Your task is to transcribe the lines from the start of the data below through the line containing "John D. Rockefeller", inclusive, exactly as they stand and without the pictures.

Information supplied.
- - - -
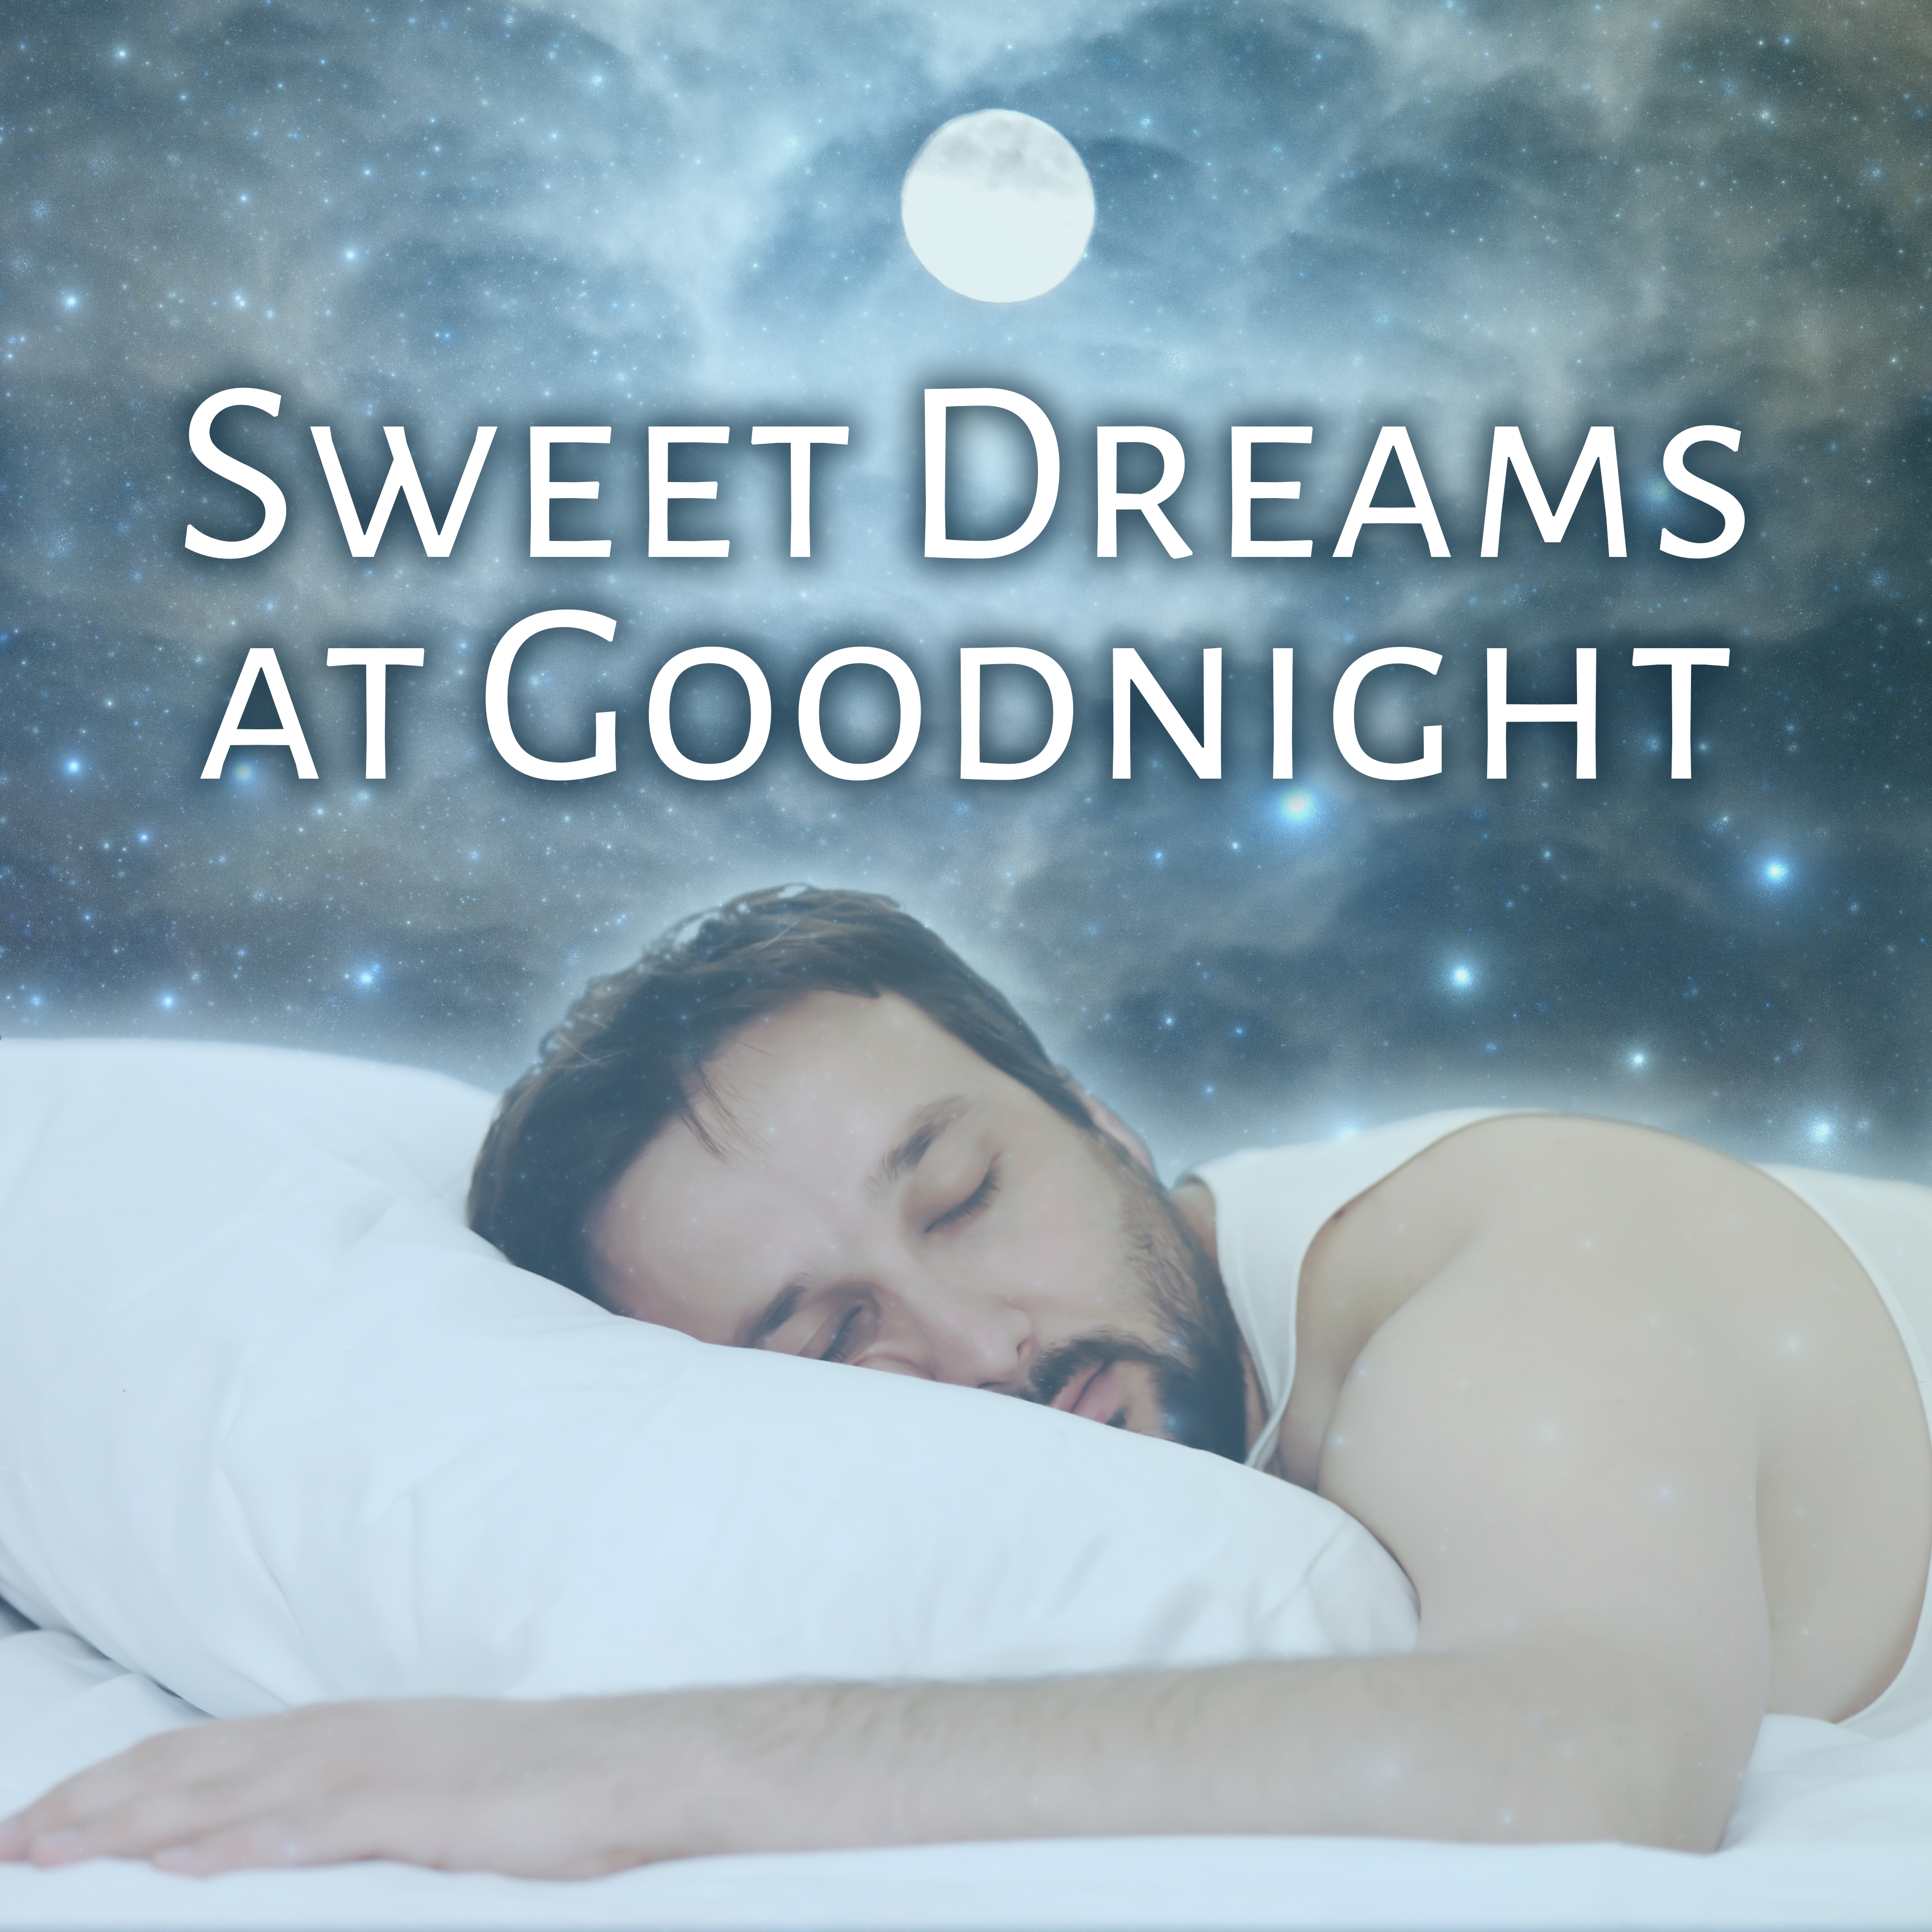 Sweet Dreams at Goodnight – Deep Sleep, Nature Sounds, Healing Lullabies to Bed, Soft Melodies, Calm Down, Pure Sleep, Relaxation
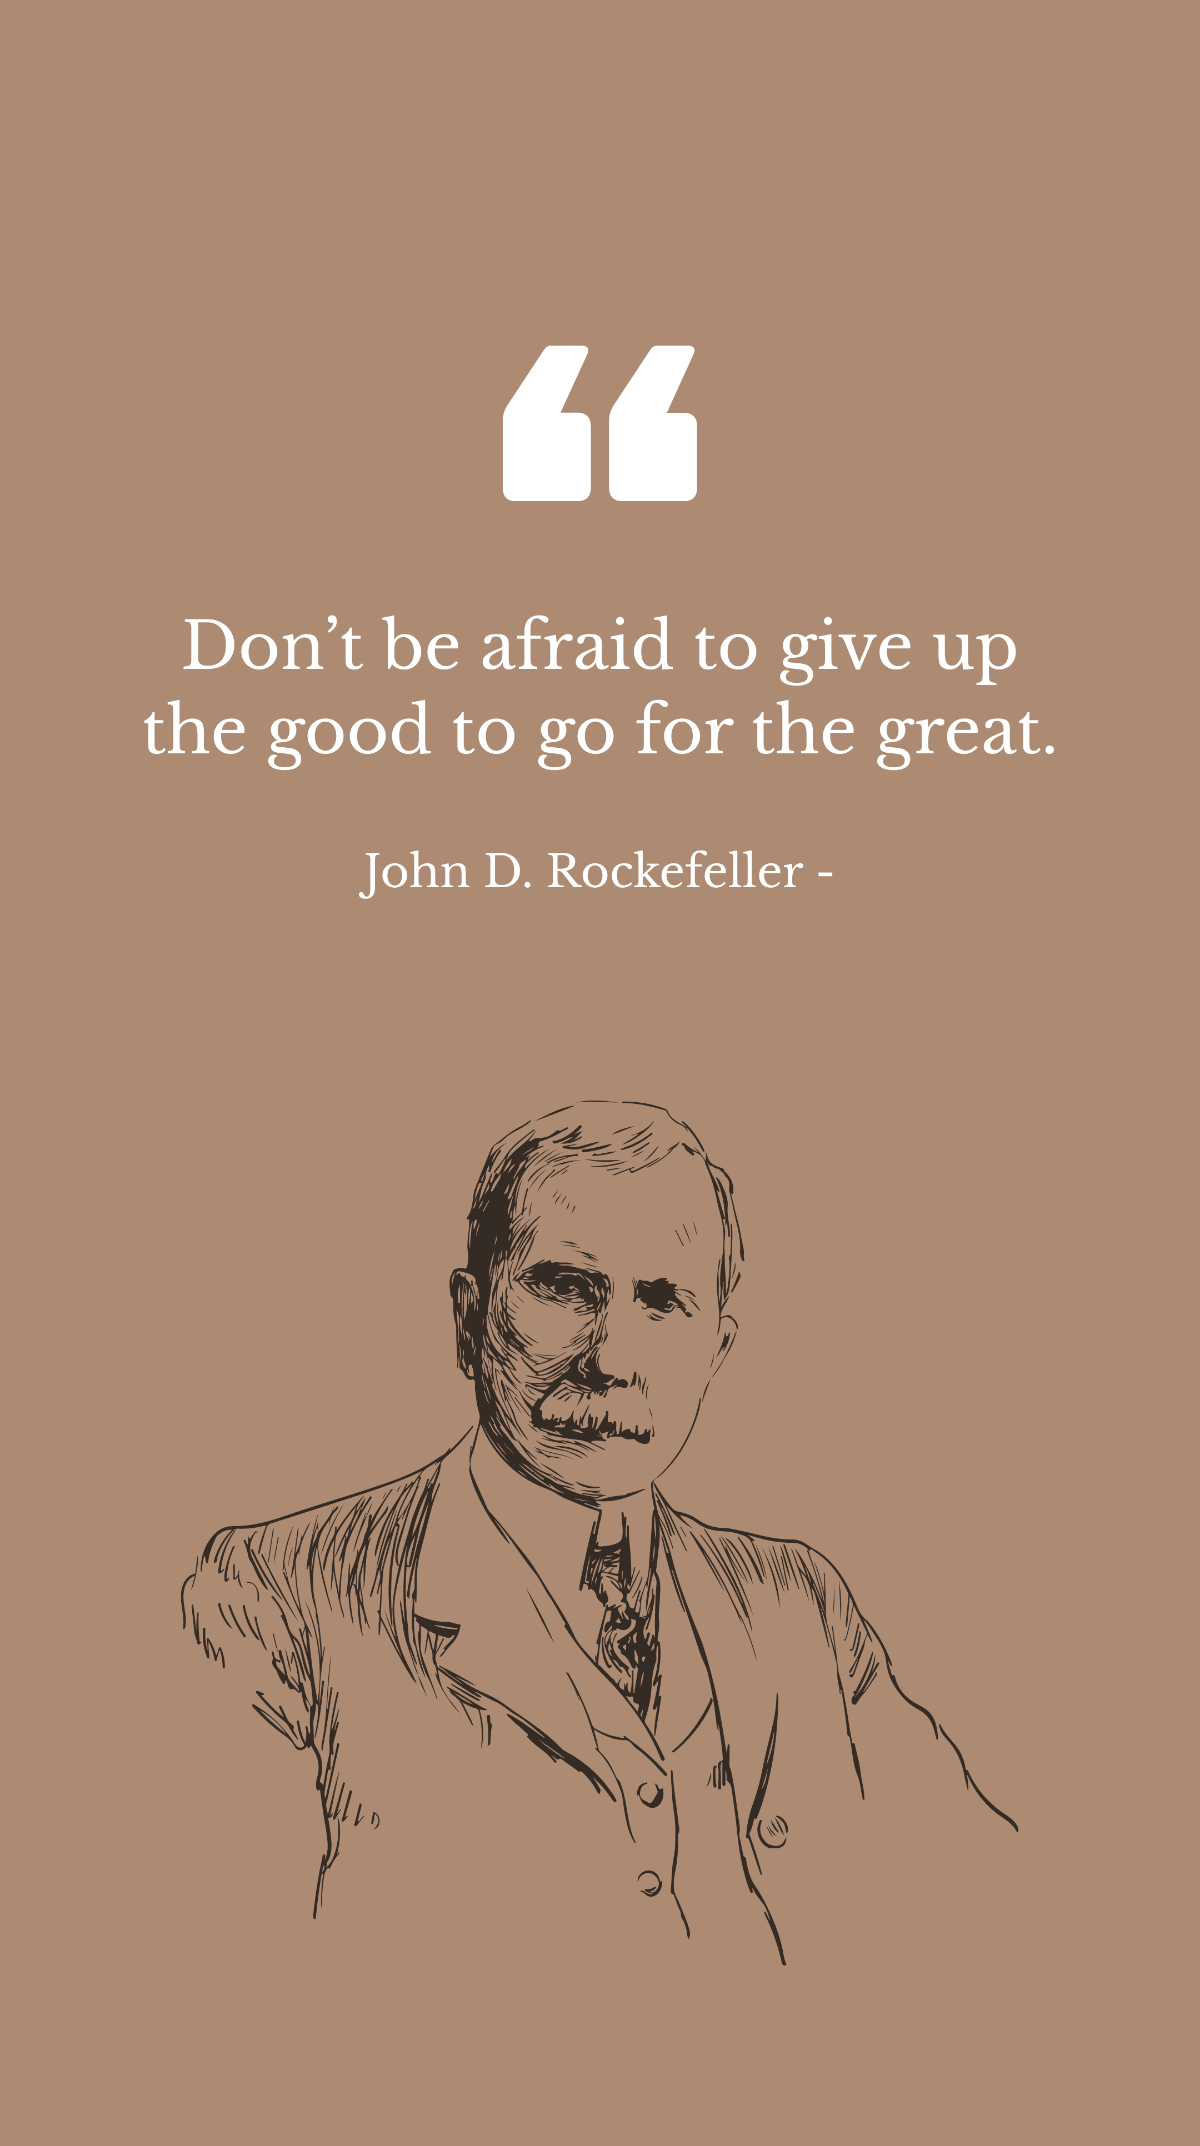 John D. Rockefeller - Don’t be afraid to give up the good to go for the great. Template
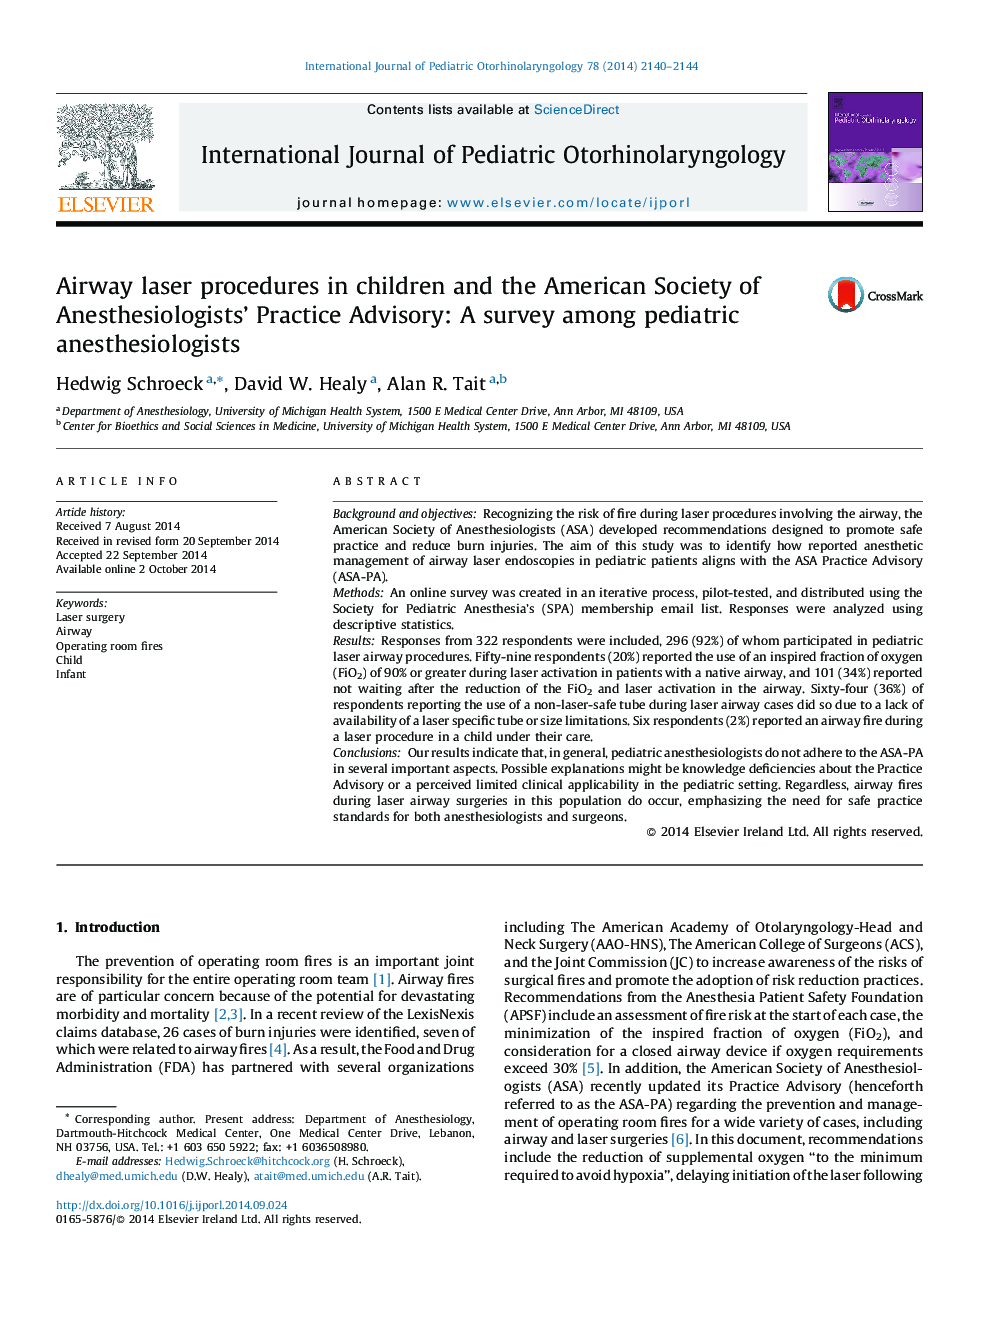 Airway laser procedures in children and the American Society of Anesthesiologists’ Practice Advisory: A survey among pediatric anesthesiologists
- - - -
Reply to the exercise.
 Sweet Dreams at Goodnight – Deep Sleep, Nature Sounds, Healing Lullabies to Bed, Soft Melodies, Calm Down, Pure Sleep, Relaxation
 John D. Rockefeller - Don’t be afraid to give up the good to go for the great. Template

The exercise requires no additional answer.